Well, that’s not really true. She doesn’t share about herself. But she’s sharing about me.

“. . . not really a big deal for me,” she’s saying when I start listening and put my book facedown on my chest. “Dad, I mean. He never really scared me, exactly. He never cared much about me. It was always Connor more than anything else. He babied him, when he paid attention to anybody at all.”

Liar, I think. The idea of Dad scares her a lot. And the rest, about me? That’s kind of a lie, isn’t it? I’m not sure. My memories of Dad all have a weird flexibility to them, like I might have made them up.

Maybe Lanny’s are like that, too.

I can’t make out what Javier says.

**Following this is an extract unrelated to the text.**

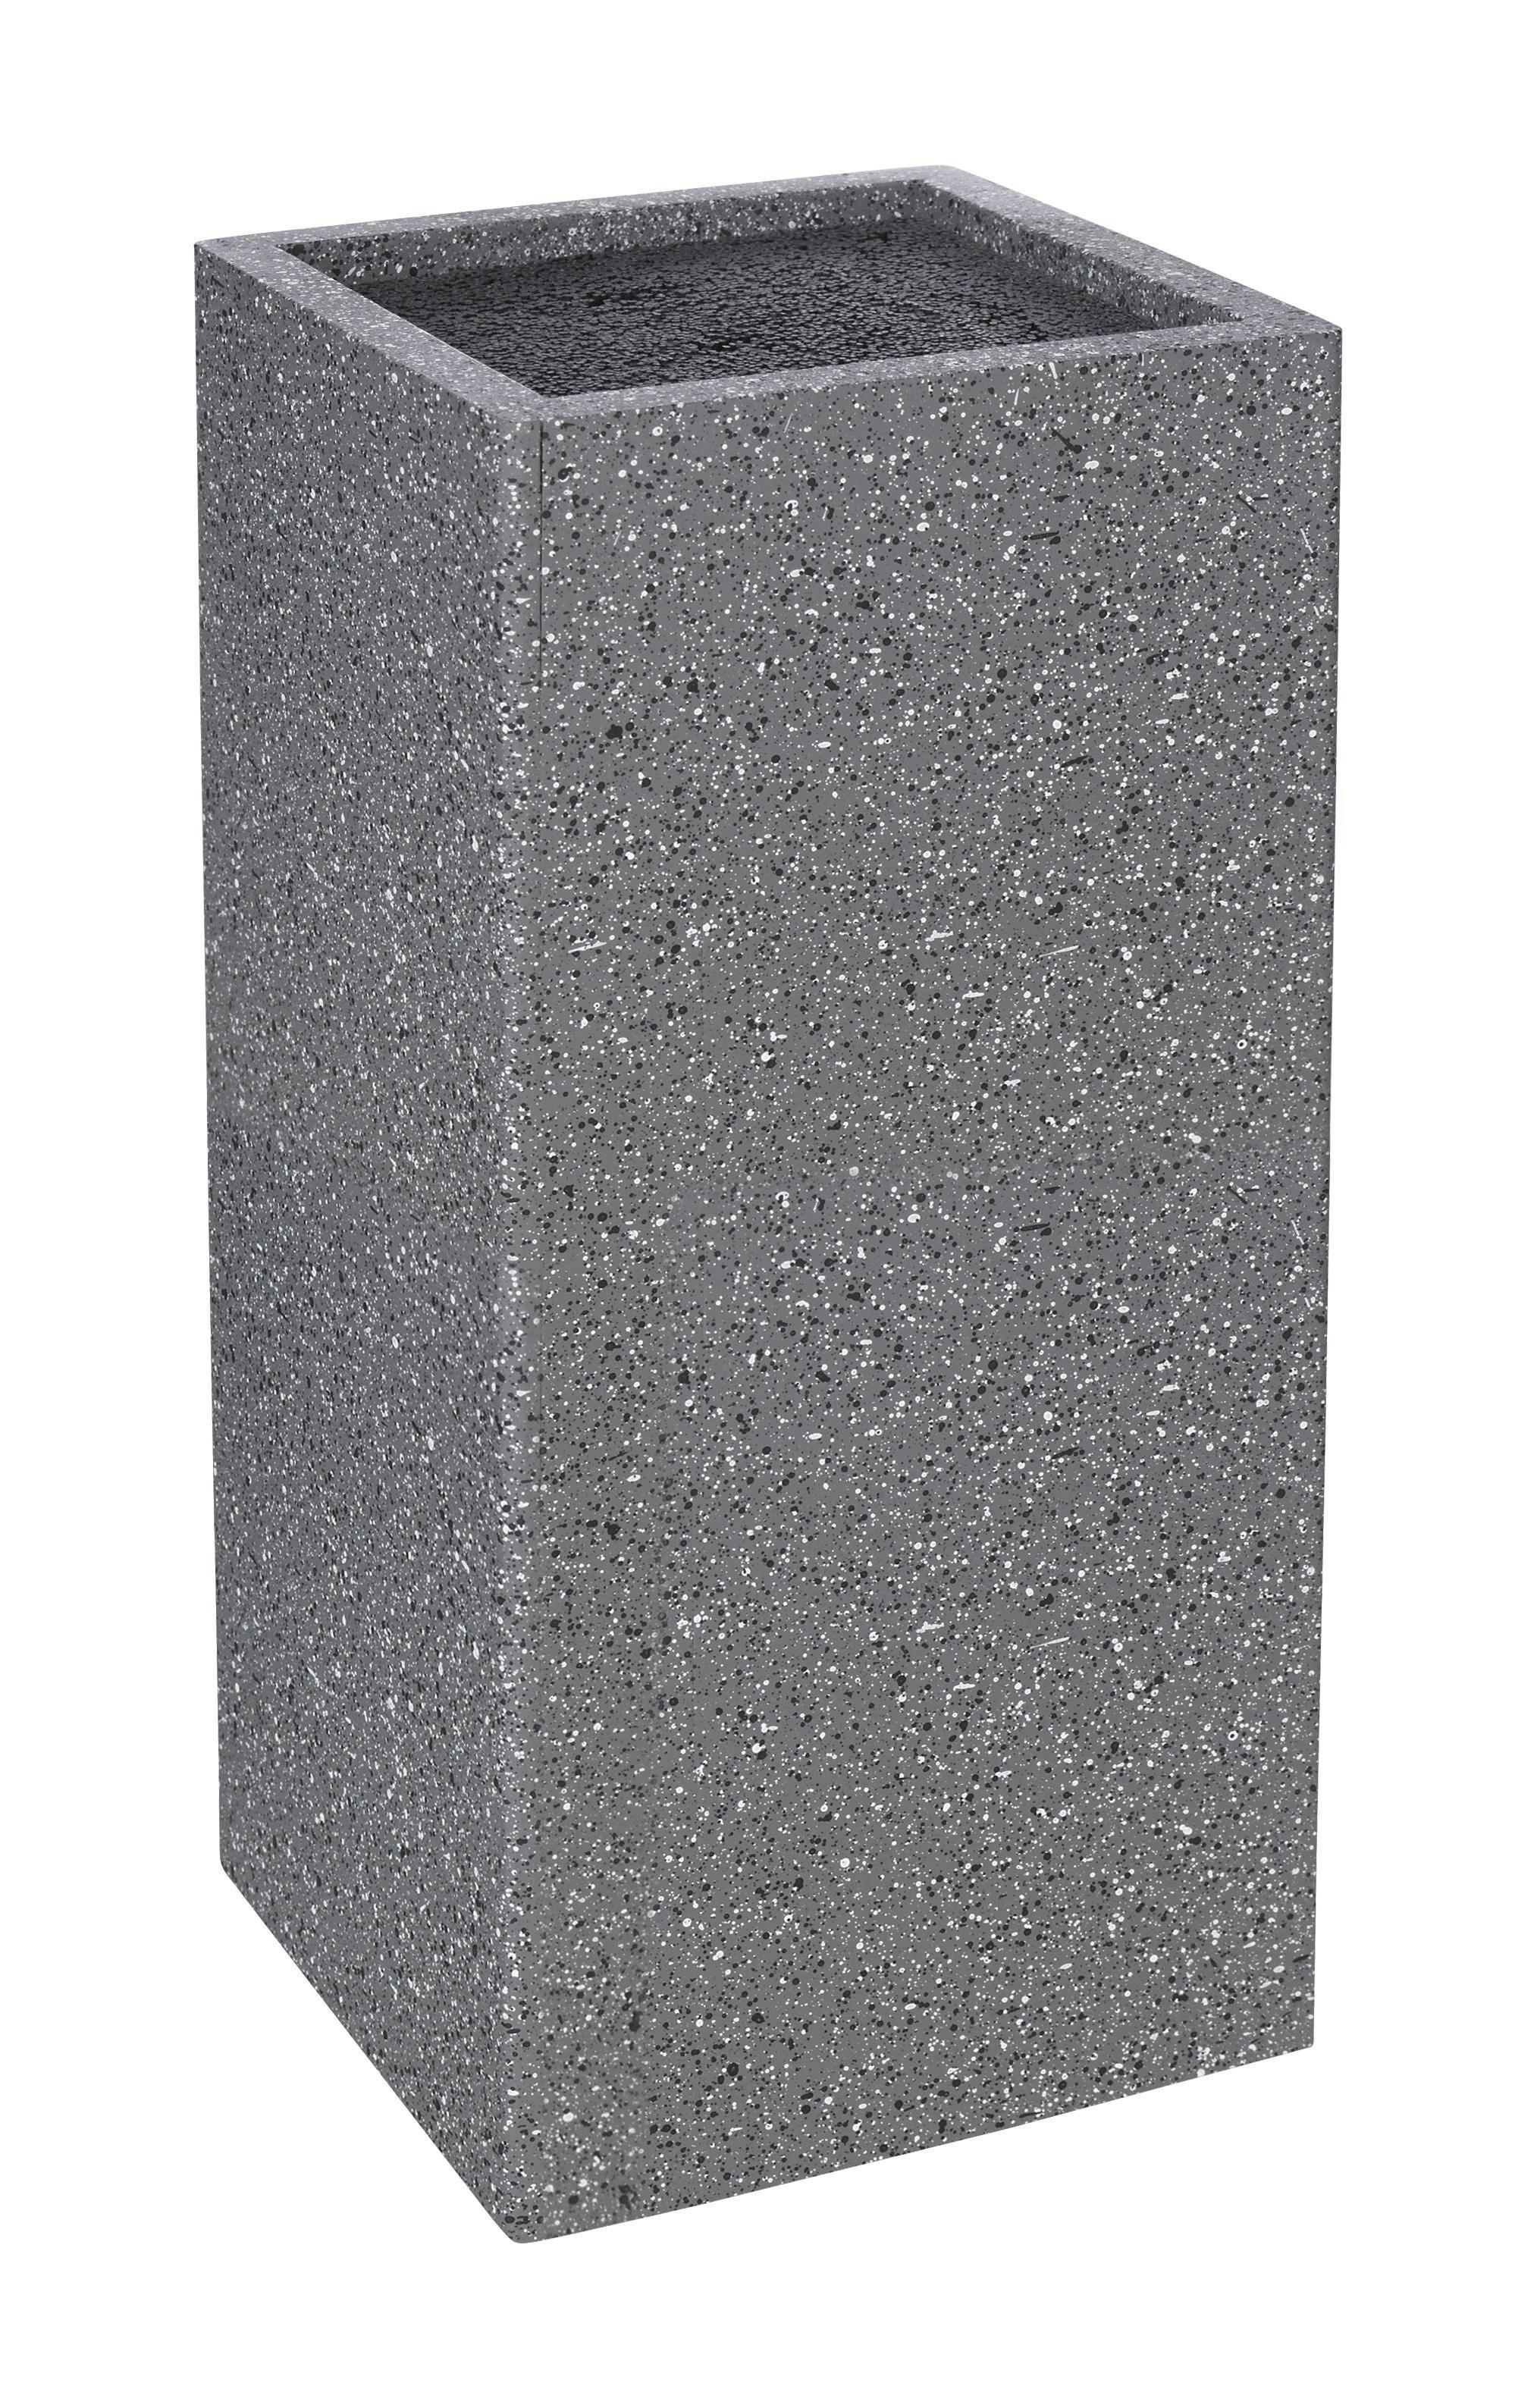 Késtartó Blokk Simon - multicolor/szürke, modern, műanyag/faanyagok (11/10,6/24cm) - MÖMAX modern living

He’s farther away, and his voice is too low. But I can hear my sister’s reply.

“He’s always quiet, but since we left our house, it’s been way worse. He’s being weird. Maybe it’s just that he’s still dealing with being scared so bad, or maybe being in a strange place. I don’t know. Connor never says what he feels. He can be kind of sneaky.” She laughs a little, but it sounds flat.